I think it's sensible advice (to both follow and give to others) to just not answer or engage with any incoming calls from anyone - shops, banks, service providers, anyone. Any that are genuine will not (or certainly should not) mind you calling them independently to ask if there is anything they need to know or ask.

 

[oldmanwinter]

Call spoofing needs to be stopped. The cons far outweigh the pros. Do something Congress, FCC, Apple, someone!
[doublepost=1546637949][/doublepost]

Question is, how does the scammer know the number they are calling is an iPhone?

They don't care. They can make calls in the millions. They're bound to hit a good percentage of iPhones.

 

[jonblatho]

That would have the added benefit of preventing all kinds of espionage and eavesdropping on everyone's phone calls.

Which is, of course, exactly why it'll never happen.

 

[Allpaul]

Apple is doomed..

 

[Superhai]

Any that are genuine will not (or certainly should not) mind you calling them independently to ask if there is anything they need to know or ask.

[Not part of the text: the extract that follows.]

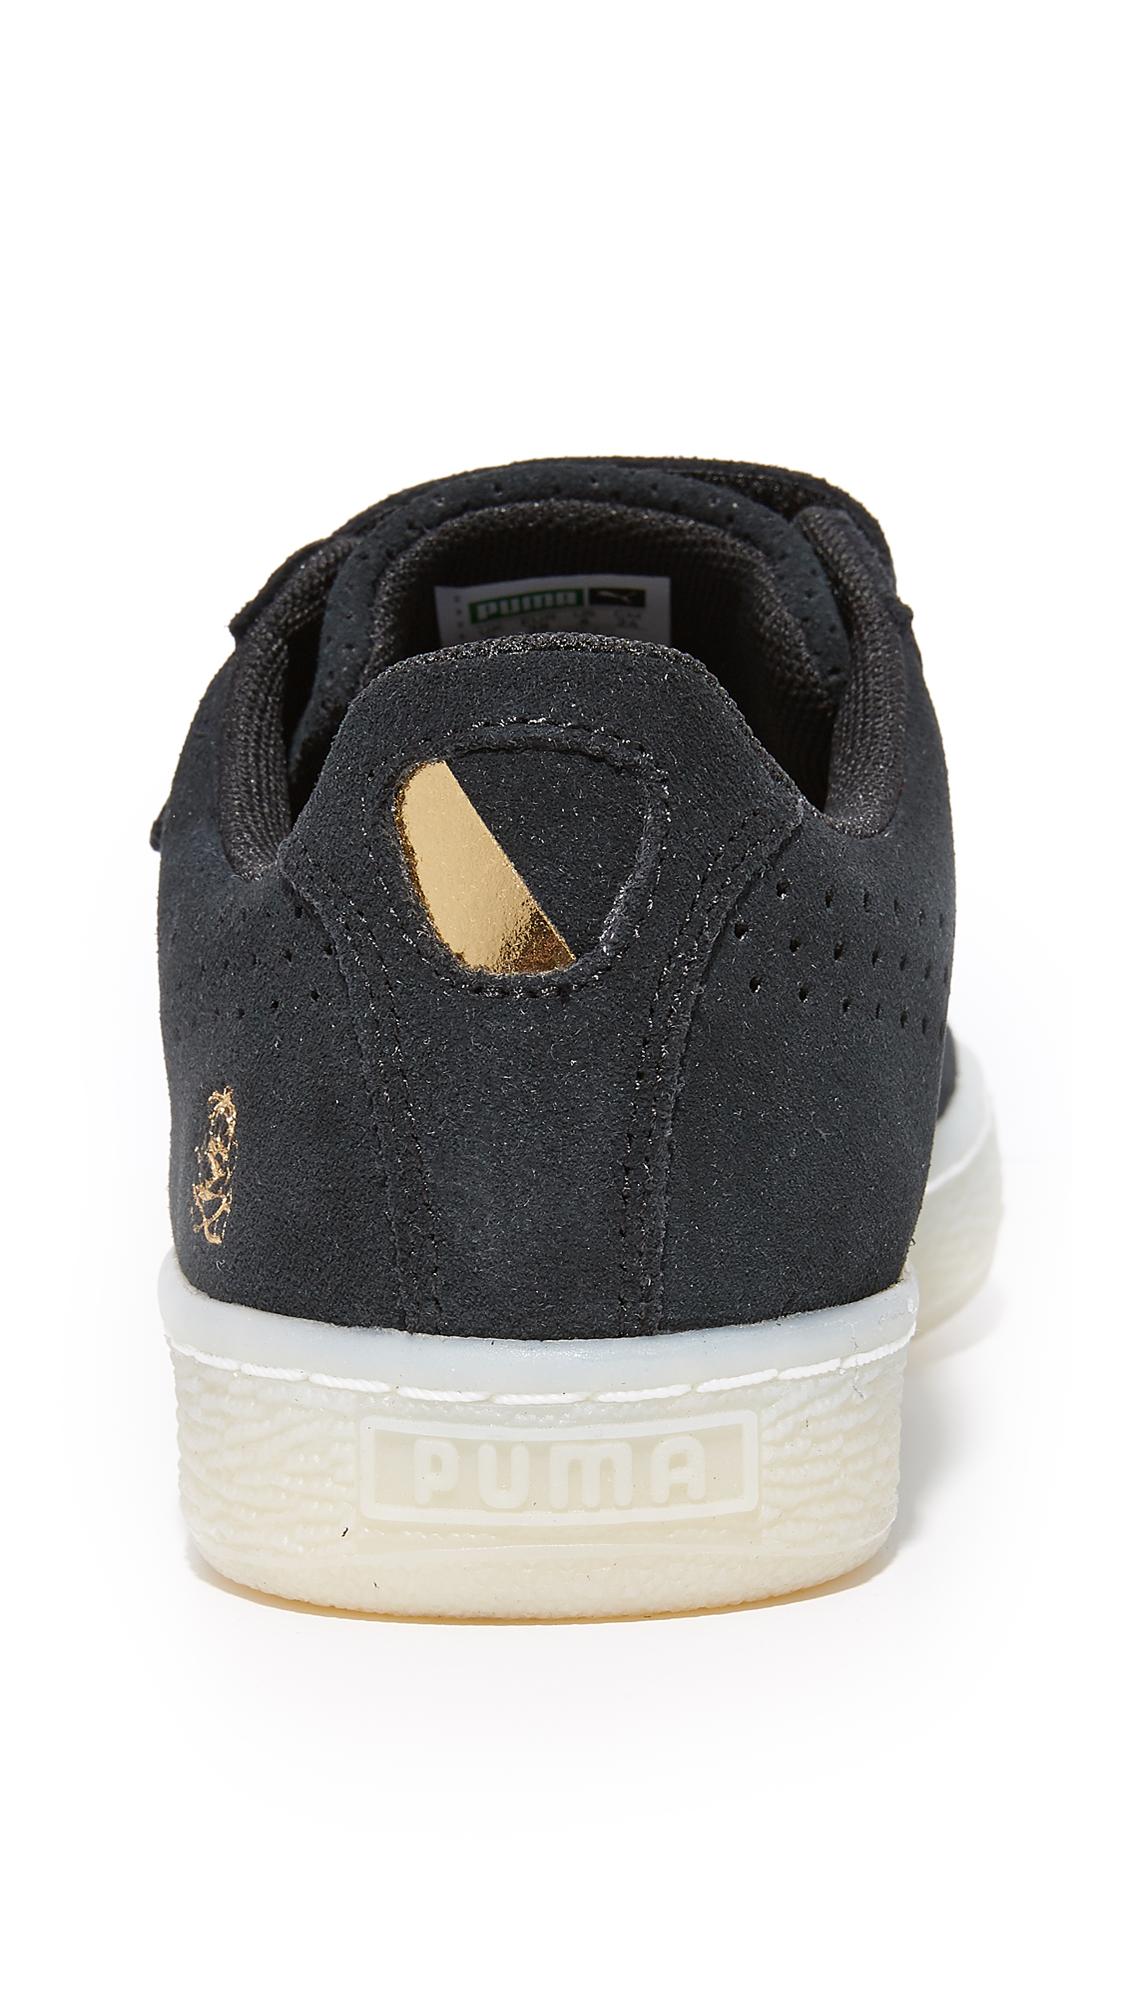 Puma Basket Velcro X SneakersShopbop Careaux 1c5FK3uTlJ

It is a tricky one, as is this case. The call is about possible breach, which if it was real could be important to follow up immediately, if Apple knew that action had to be taken. There are also legitimate reasons to call a customer if there are any other critical issues. Credit card companies routinely calls if there are suspicious transactions, airline calls if flights are changed or canceled. The solution is rather to change the underlying infrastructure.

 

[cloudyo]

Apple support does not cold call users in this manner,

Yes, they do. I got a call about about a post I made in their Support Forums. I was very suspicious at first but the things they already knew about me (like, the real identity and phone number behind my nickname) made me trust the guy on the other end. At the end he also gave me an apple.com address to send an error report to, so i am sure it was legit.

My point is: it happens.

 

[cppguy]

This is very common, unfortunately. I repeatedly get phishing scam calls from my bank, insurance company. The phone number seems legit, it's always the correct 1-800 number. They are asking for the last 4 digits of the social security number for "verification" purposes. If the real bank is calling, they never ask for such thing. They don't need to verify your SSN, Mother's name, digits of your cards, and so on. They may verify your address, and that's it. I would hang up immediately, and call the official number myself. Never provide any information to incoming callers!!!

 

[npmacuser5]

Amazes me that in Today's technology we cannot make a caller ID and or email work securely. A phone number/email address should be unique in the digital world. Lot of creative minds out there, put them to work.

 

[CPx]

I’ve never understood why there isn’t a simple whitelist function. I don’t want ANYONE outside of my contacts sending me email or texts, or calling me. Is it too much to ask to block people you don’t know from contacting you?

Unless you deleted it manually, the 1-800-MYAPPLE number used here is already in your contacts. It's in mine, anyway, and I never added it.

 

[joenruschia]

I get an average of four of these calls a day. It's annoying but it's been going on for at least a month now.